"İstanbul’un Üç Kulübü", Liderler, V, İstanbul, 1997, s. 132-138.
İSTANBUL’UN ÜÇ KULÜBÜ
XIX. yüzyıl’ın ilk çeyreğinden itibaren önce II. Mahmud, sonra Sultan Abdülmecid’in Osmanlı İmparatorluğu içinde gerçekleştirmeye çalıştığı reformlar ve batılılaşma çabaları sonucu özellikle kozmopolit bir nüfusa sahip İstanbul’da toplum yapısı değişmeye başlar. Batı kökenli tüccarlar, levantenler ve yerli azınlığa mensup Osmanlı vatandaşları Batılı yaşam tarzını ülkeye taşımaya çalışırlar. Önceleri elçilik ve konsoloslukların bünyesinde yapılan müzikli toplantılar, balolar ve çeşitli toplumsal faaliyetler daha sonraları dernekleşme çabalarına dönüşür. Bu gibi sosyal hareketler, aslında politikanın bir parçası, insanlar arasındaki politik yaklaşımın birer aracıdır. Batılı yaşamın doğal bir parçası olan müzikli toplantılar ve balolar Doğuluların, Türk toplumunun yabancısı olduğu bir alışkanlıktı. Tanzimat’ın ilanından sonra elçiliklerdeki balo ve müzikli toplantılara Türk devlet adamları da davet edilmeye başlandı. Önceleri utana kızara dans edenleri seyredenler, çok geçmeden, bu yaşam tarzını benimsemeye başladılar. İlk defa bir Osmanlı Padişahı, Sultan Abdülmecid 3 Mart 1856 gecesi İngiliz Elçisi Canning’in daveti üzerine elçilikte yapılan baloya katılmıştı. Yalnız müzikli toplantılar ve balolar değil, en basit biçimi ile oturup çaylı sohbetlerde bulunmak, kağıt oynamak, belirli bazı sportif çabalara girişmek bile ancak elçiliklerin bünyesinde gerçekleştirilen organizasyonlarla mümkündü. Başta İngiltere olmak üzere hemen hemen her elçiliğin bu tür çalışmaları vardı. Özellikle yaz aylarında Boğaziçi’nin kıyılarına serpişen elçilik yazlıklarında hemen her gece bir eğlence düzenliyordu. Elçiliklere bağlı bu yaşantının yanı sıra, yabancıların yoğun olarak bulunduğu Moda ve Büyükada gibi yerleşim bölgelerinde de kulüpler kurulmaya başlandı, özellikle İngilizlerin kurduğu deniz sporlarına [yat kulüpleri] dönük müessseler yabancıların yanı sıra Batı kültürü ile yetişen yerli azınlık ve Osmanlı üst yöneticilerinin de üye olduğu kulüpler halinde faaliyet göstermeye başladılar. Osmanlı Devleti’nin başkenti yeni bir yaşam tarzıyla tanışıyordu; Batılı yaşam tarzı şehrin yazlık yerleşim alanlarında filizlenmeye başlamıştı.
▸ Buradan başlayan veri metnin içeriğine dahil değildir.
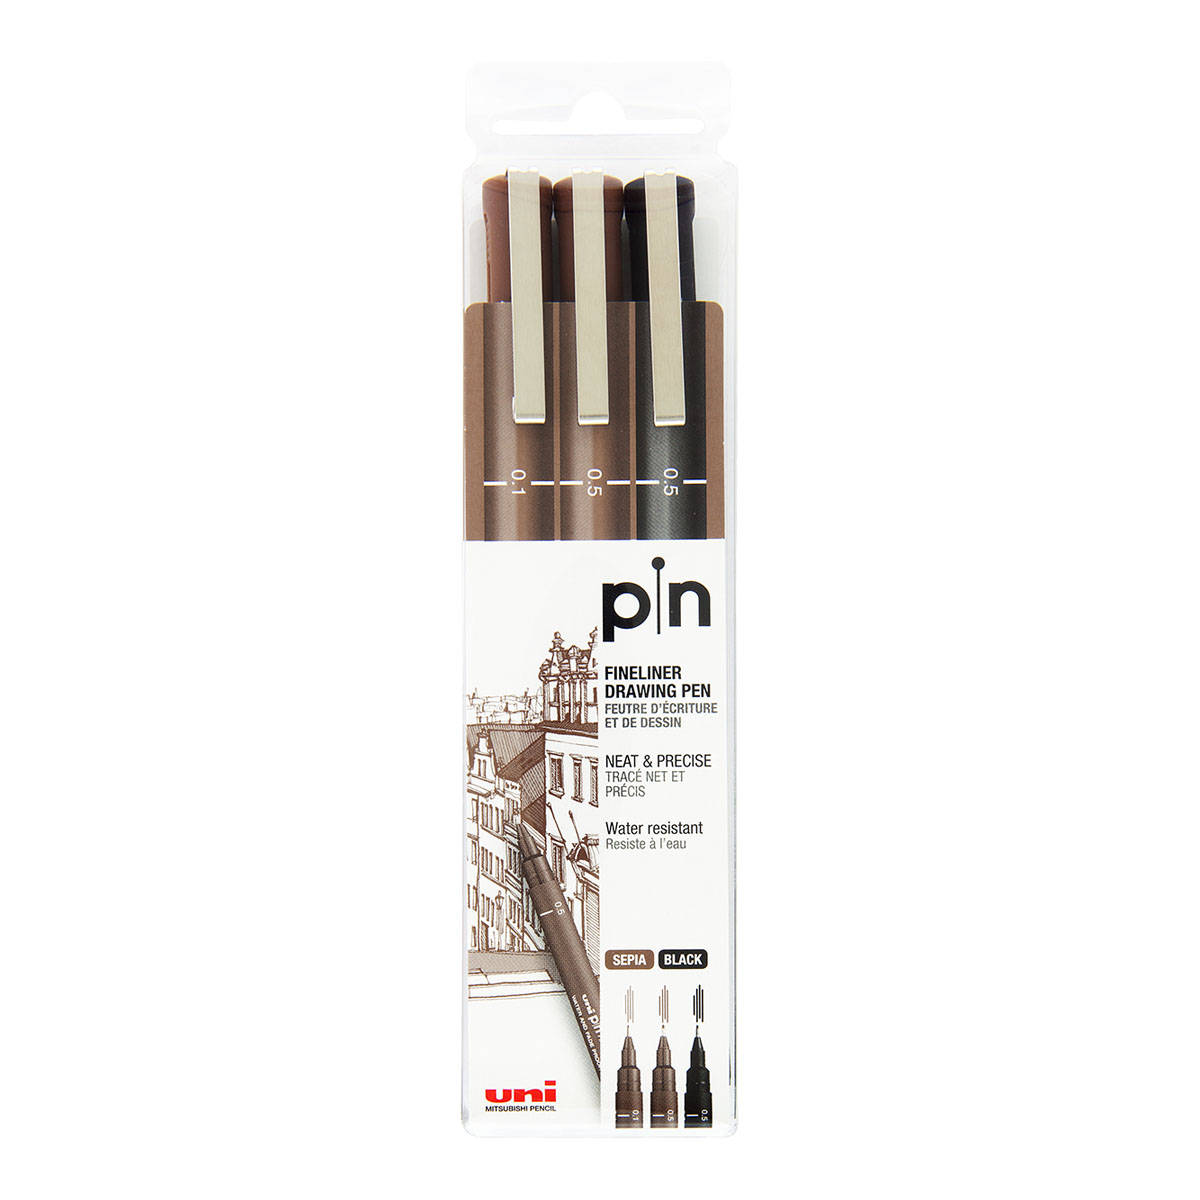 2 x Uni Pin Drawing Pen Fineliner Ultra Fine Line Marker in Black

Günlük yaşantıya katılan bu kulüpler bir eksiği ortaya çıkardı, resmî temasların dışında, devlet yöneticilerinin ve elçilik mensuplarının buluştuğu, günlük olayları konuştuğu, resmî olmayan fikir alış verişinde bulunduğu bir müşterek toplantı mekânı yoktu. Acaba bir kulüp, ufak kağıt oyunlarının oynandığı, kahve ve çay içilip sohbet ve resmî olmayan görüşlerim yapılacağı bir organizasyon olamaz mıydı?
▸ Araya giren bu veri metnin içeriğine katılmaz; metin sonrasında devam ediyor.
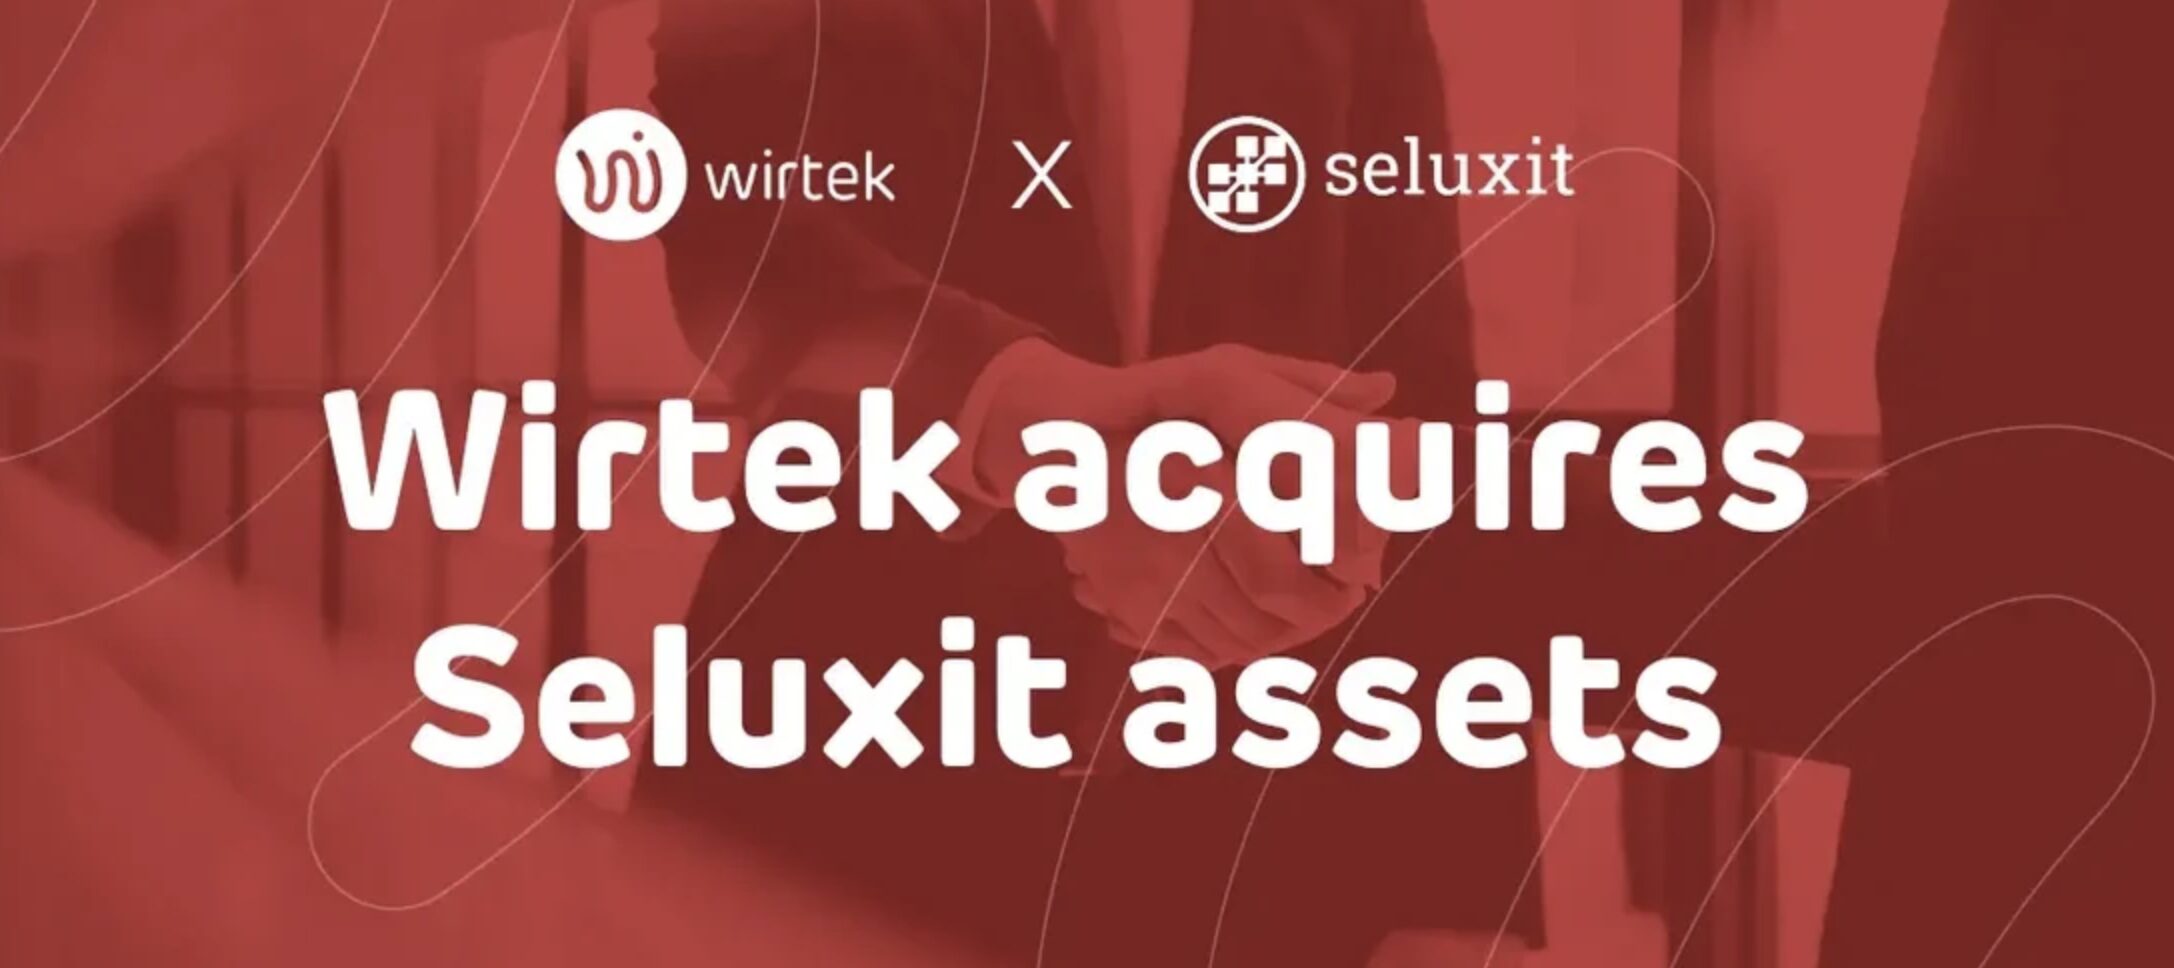 Wirtek acquires Seluxit

BÜYÜK KULÜP / CERCLE D’ORIENT
Halk arasında "Slerkldoryan" diye bilinen ve günümüzde ismini Büyük Kulüp olarak devam eden kulüp, Osmanlı başkentinin diplomatlar kulübü olarak kurulan ilk sosyal müessesedir. 1882 yılında büyük çoğunluğu yabancı uyruklu kişiler ve levantenlerden oluşan bu kulüp, İngiliz Büyükelçisi Sir Alfred Sandison tarafından başlatılan çalışmalar sonucu, otuz üyenin iştiraki ile kurulur.
19 Mart 1882 tarihli kurucular toplantısında Baron de Hirschfeld başkanlığında teşekkül eden dokuz kişilik yönetim kurulu ile çalışmalarına başlar. 1884 yılında Grand’rue de Pera [günümüzde İstiklal Cadesi] ile Yeşilçam Sokağı’nın kesiştiği köşede Abraham Paşa’ya ait yeni yaptırılan büyük bina kulüp merkezi olur. Artık, çeşitli el değiştirmelere rağmen doksan yıla yakın süre bu bina kulübün toplantı ve faaliyet mekânı olmaya devam edecektir. 1883 yılında kulubün başkanı İran Büyükelçisi Muhsin Han’dır, dokuz yıl başkanlık yapar, daha sonra Rusya, Fransa, İtalya, Avusturya-Macaristan ve Almanya Büyükelçileri ile Fener Beyleri [Prens Maurocordato] kulübün başkanlığını yürütür. Bu arada Prens Mahmud Muhtar, Said Halim Paşa ve Reşid Paşa’da başkanlık yaparlar. Prenz Aziz, Enver Paşa, Cemal Paşa, Talat Paşa, Damat Ferit Paşa, Çürüksulu Mahmud Paşa, Gazi Ahmed Muhtar Paşa gibi pek çok Osmanlı yöeticisi de kulübe üyedir. I. Dünya Savaşı sırasında üyeler arasında İtilaf ve İttifak devletleri karşıtlığı nedeni ile karmaşa çıkar, kulüp faaliyetleri bir süre yavaşlar, işgal yıllarında ise üst düzey işgal kuvvetleri mensuplarının ve yerli azınlığın devam ettiği bir kulüp olarak faaliyetini sürdürmeye devam eder.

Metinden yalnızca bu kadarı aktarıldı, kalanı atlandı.